Testing it all

Once I had everything, it was time to test it.

The SlimServer was easy. I had copied my WMA files (I’ve been ripping all my CDs at 192Kbps WMA for use on my Creative Nomad Zen 60GB) to my Windows desktop at work (160GB hard drive) for use at work. I installed SlimServer, pointed it at my music folder, and hooked the Squeezebox2 to my external computer speakers through its headphone port.

The Squeezebox2, BTW, has the most amazing UI considering it’s basically a 2-line display. The arrow keys on the remote are incredibly intuitive, and selections and fields move with an inertial scrolling effect that’s not only beautiful to watch but provides very tangible feedback. The menus do what needs to happen when you need it. Initial setup is pointing it at your wireless network, where it will then scan for SlimServers, and start if it finds one. If not, you enter the IP address in manually. It works great, and literally 5 minutes after I opened the box the Squeezebox2 is playing digital music perfectly.

I got the KuroBox together–opening it up and getting the hard drive in there. Opening it was a bit of a trick–I had the instruction sheet that came with it, in Japanese with pictures. I didn’t figure out from the pictures that the gray plastic trim piece holding the halves together slides forward to come off the case, and I broke one of the tabs on it. But it doesn’t seem to have any long term repurcussions. Again, the case has the IDE and power cables you need so you don’t have to buy a retail drive kit with them. You’ll want the 2 inch IDE cable from the Kuro Box inside there as well.

The Kuro Box comes with a CD to install its operating system.
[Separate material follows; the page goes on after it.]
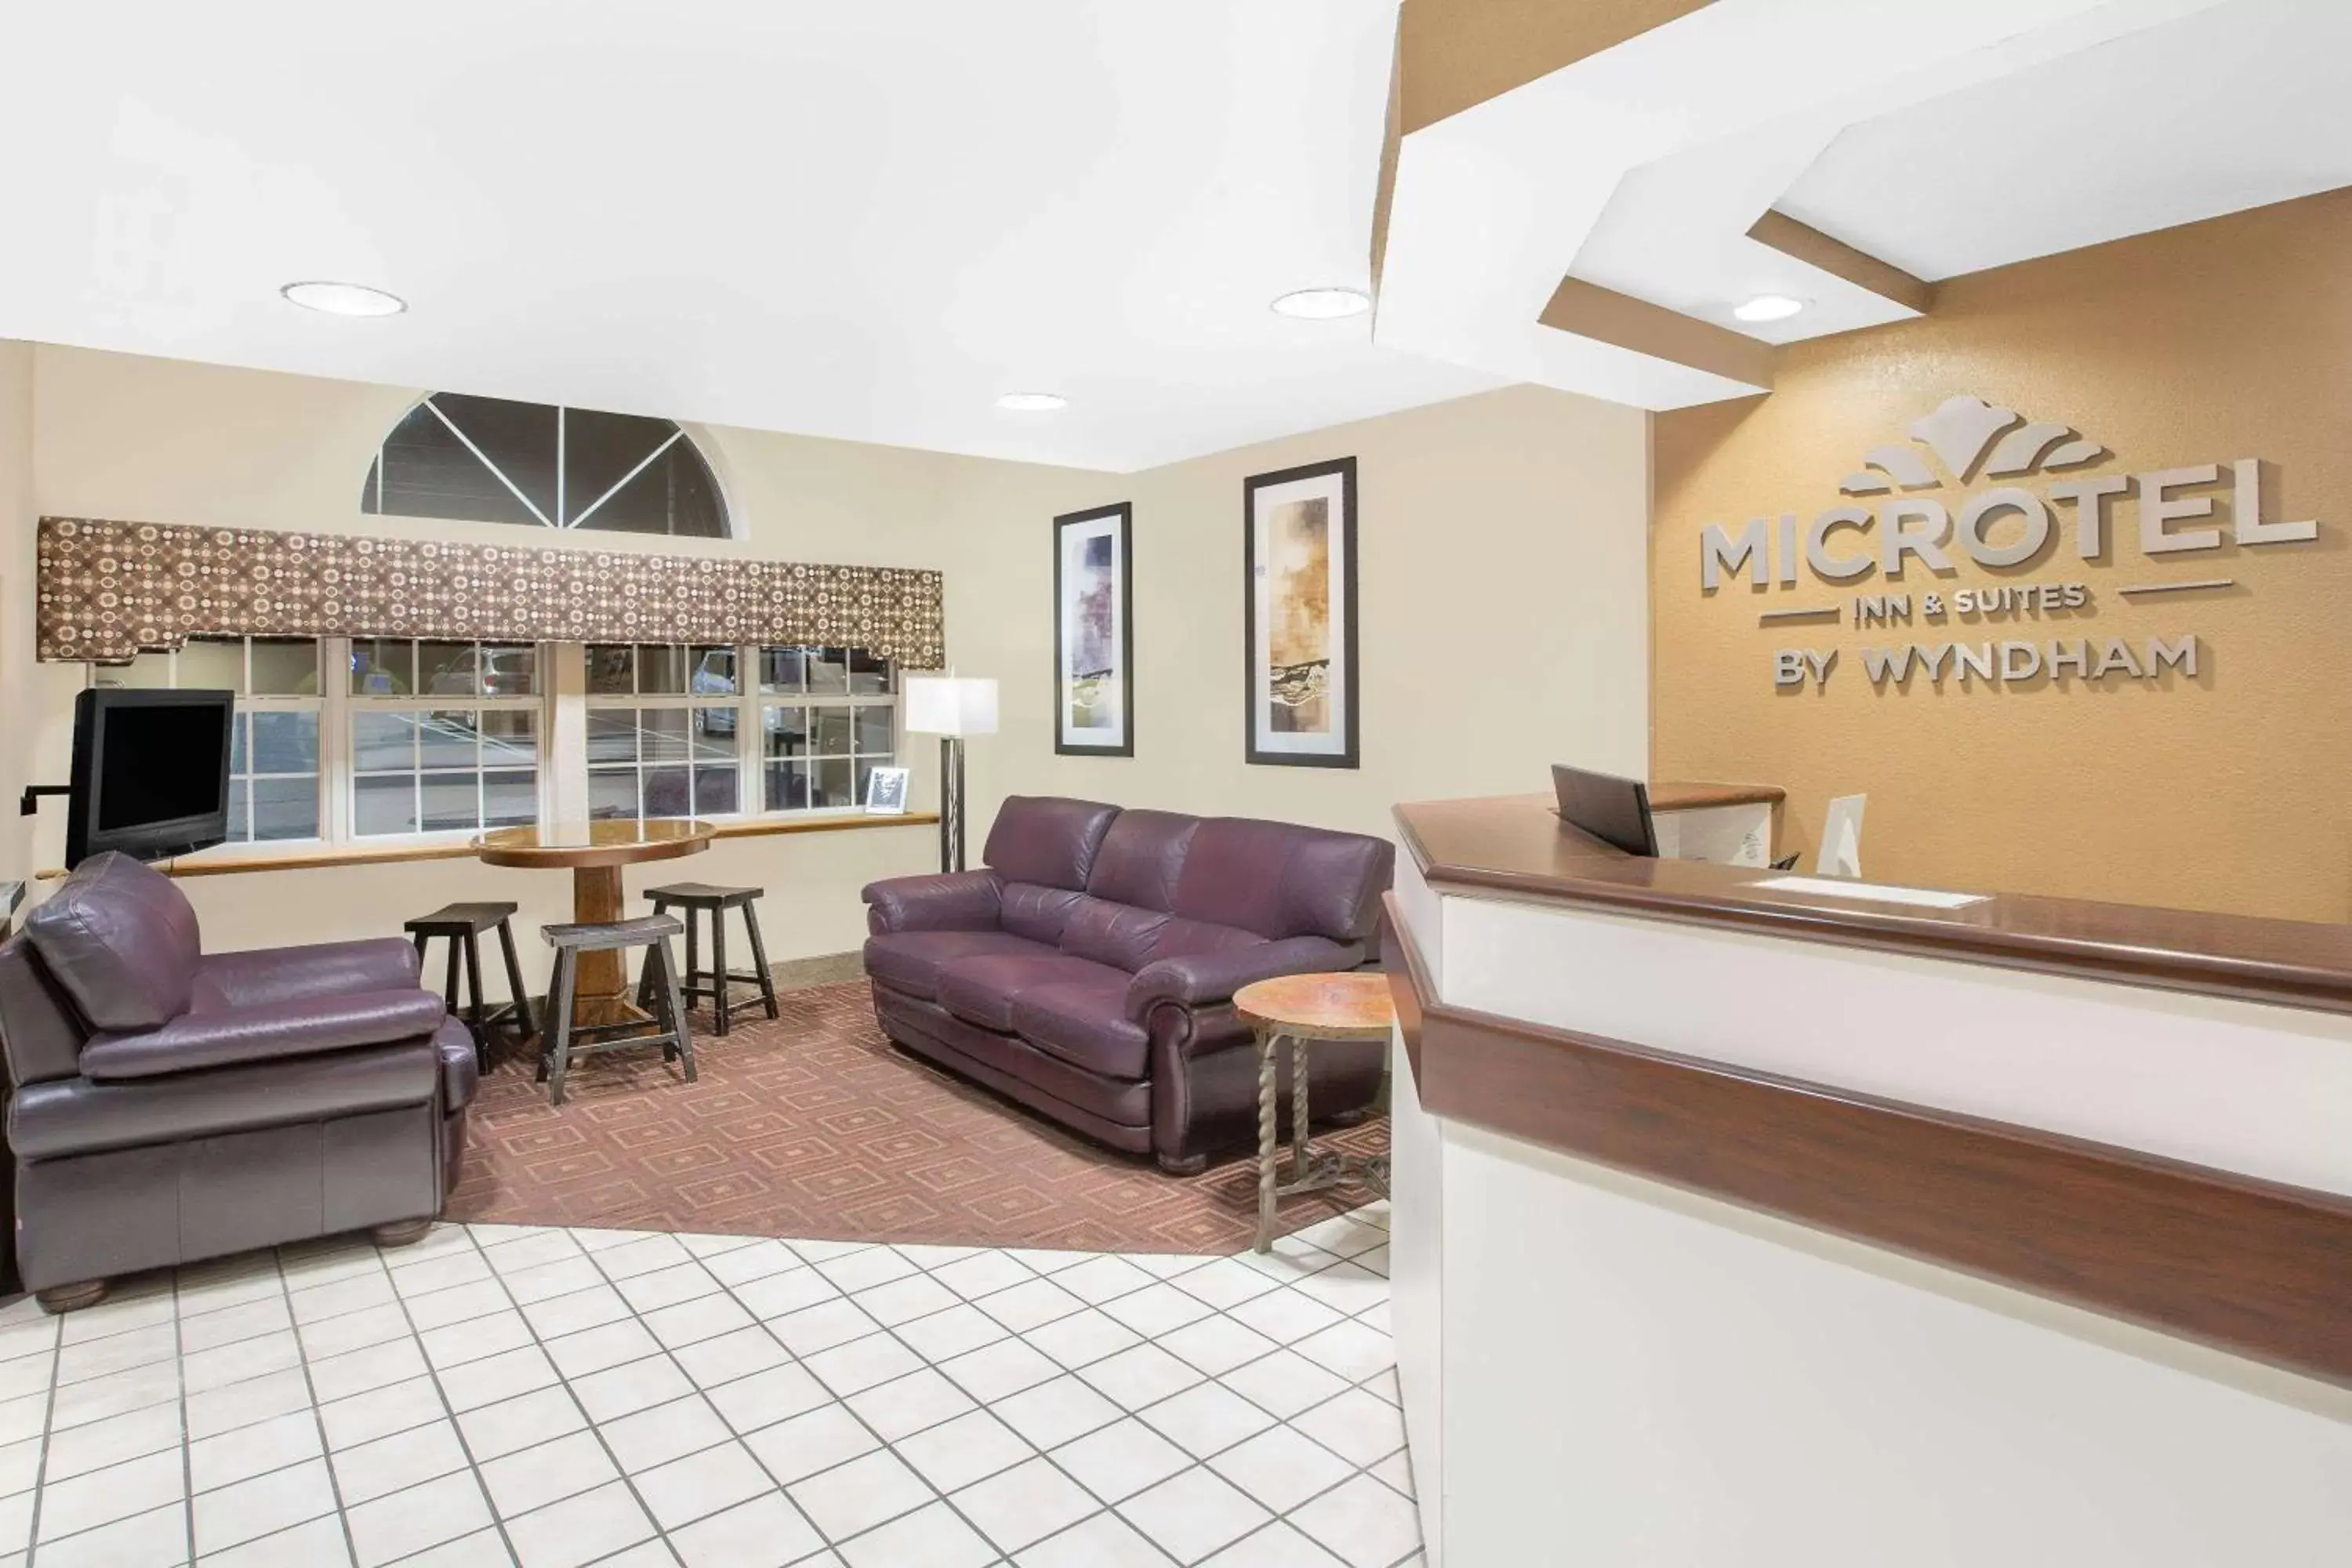 Lobby or reception in Microtel Inn & Suites by Wyndham Franklin

It doesn’t work. Well, it probably works if you’ve got Windows 2000 or earlier but it won’t on Windows XP SP2 (or Linux, or Mac OS, etc.) I ended up doing a manual install which for someone with a little Unix admin experience is very easy. It’s basically exactly what the automated setup does anyway.

So I did it. The basic install creates a 128MB root partition. I kept running out of space trying to download and install optional packages. So, I said, what the hell, and redid the manual instructions with a 1GB root partition. Much better.
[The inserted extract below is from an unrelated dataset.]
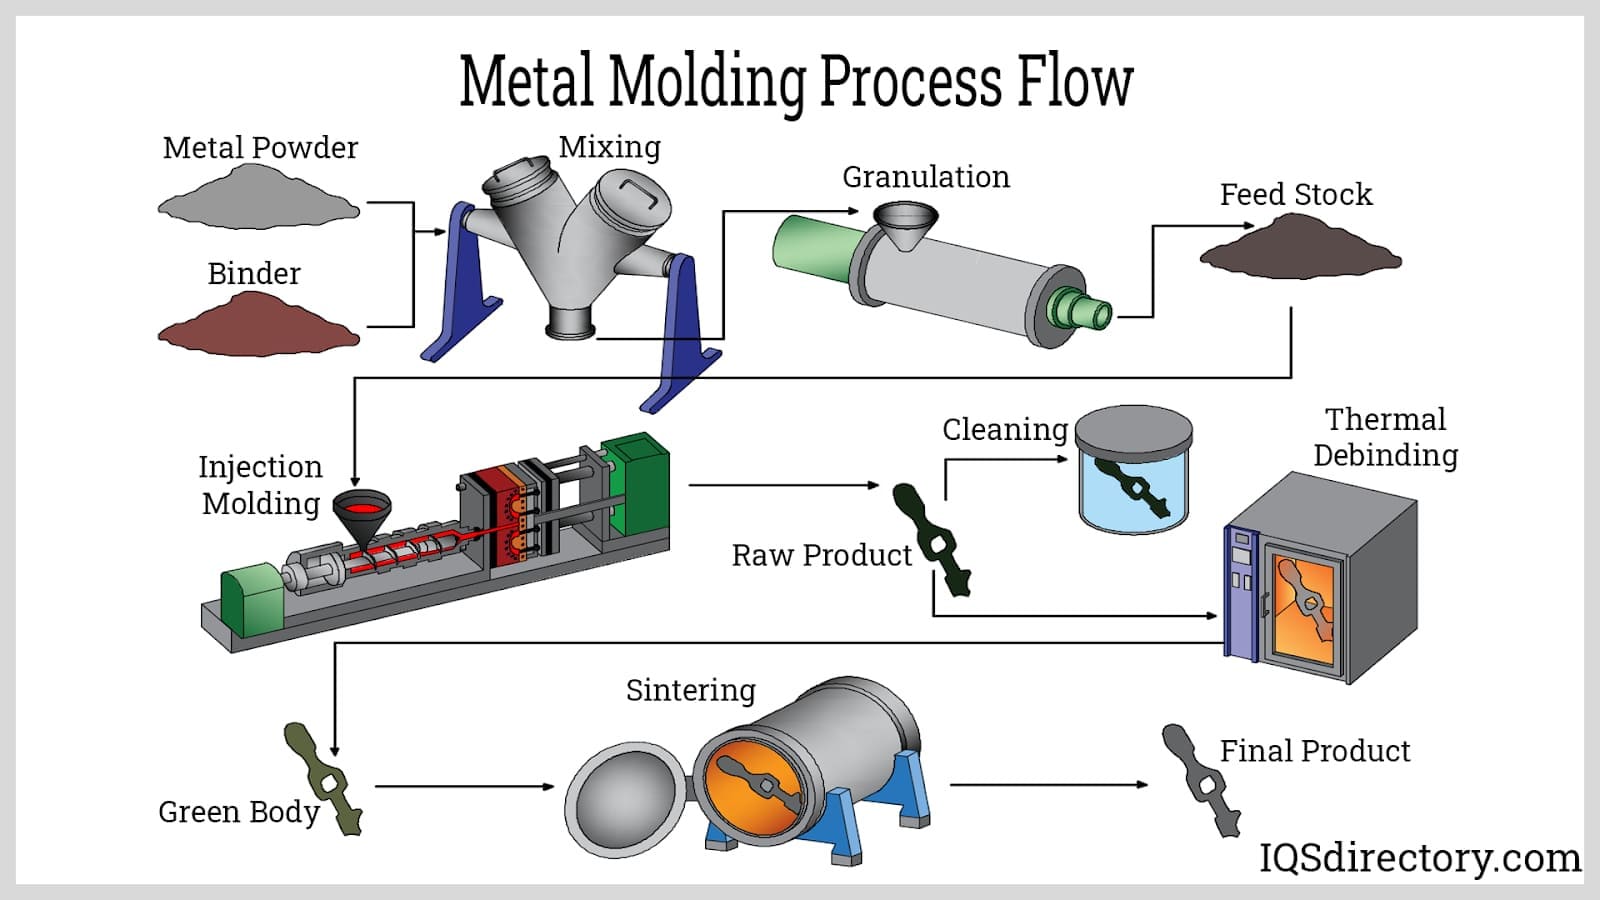 Metal Molding Process Flow

I got it all running eventually and played with the Web interface. I have a Buffalo router and the Web interface isn’t its greatest feature. The stock Kuro config interface is similar. But I got a Windows share going. Which didn’t work. It took much playing and turning on of logging to realize I had turned on Recycle Bin support, which isn’t available in the stock image.

I attempted to get all my music files from my office PC to the Kuro Box. I got over half of them over but it was going to take several hours.

I took it all home and played with it. I installed the Squeezebox2 into our entertainment center (which is a semi-custom unit). Had to move the receiver up a notch and put it in above the DVD player. The cool thing is the display sort of floats in the air since the Squeezebox2 is black.

I got the SlimServer software downloaded to the Kuro and I ran it. I pointed it at the music folder, went to play the files, and it didn’t work. I figured it was various Unix file permissions problems, but nothing fixed it. I then hit the forums and newsgroups and figured how to turn on logging in SlimServer. Watching the logs, the problem was that it couldn’t play the WMA files.

Now, one of the selling points of the Squeezebox2 is that it plays all sorts of audio files. However, the only ones it can decode natively are WMA, MP3, FLAC, and AIFF. Everything else goes through a translator. On Windows, the SlimServer install comes with wmadec which is dependent upon the Windows Media Player DLLs. None of those on Linux. You can get it working with the ffmpeg package, and I did, but only about 1 out of 6 of my WMA files would play. And either it worked fine or not at all. I can only assume there was some sort of problems with my files that ffmpeg couldn’t handle.

At any rate, this is the last stand. I’m going to be re-ripping everything anyway, so once I’m done the Nomad is getting loaded with quality 160Kbps (or VBR) MP3s.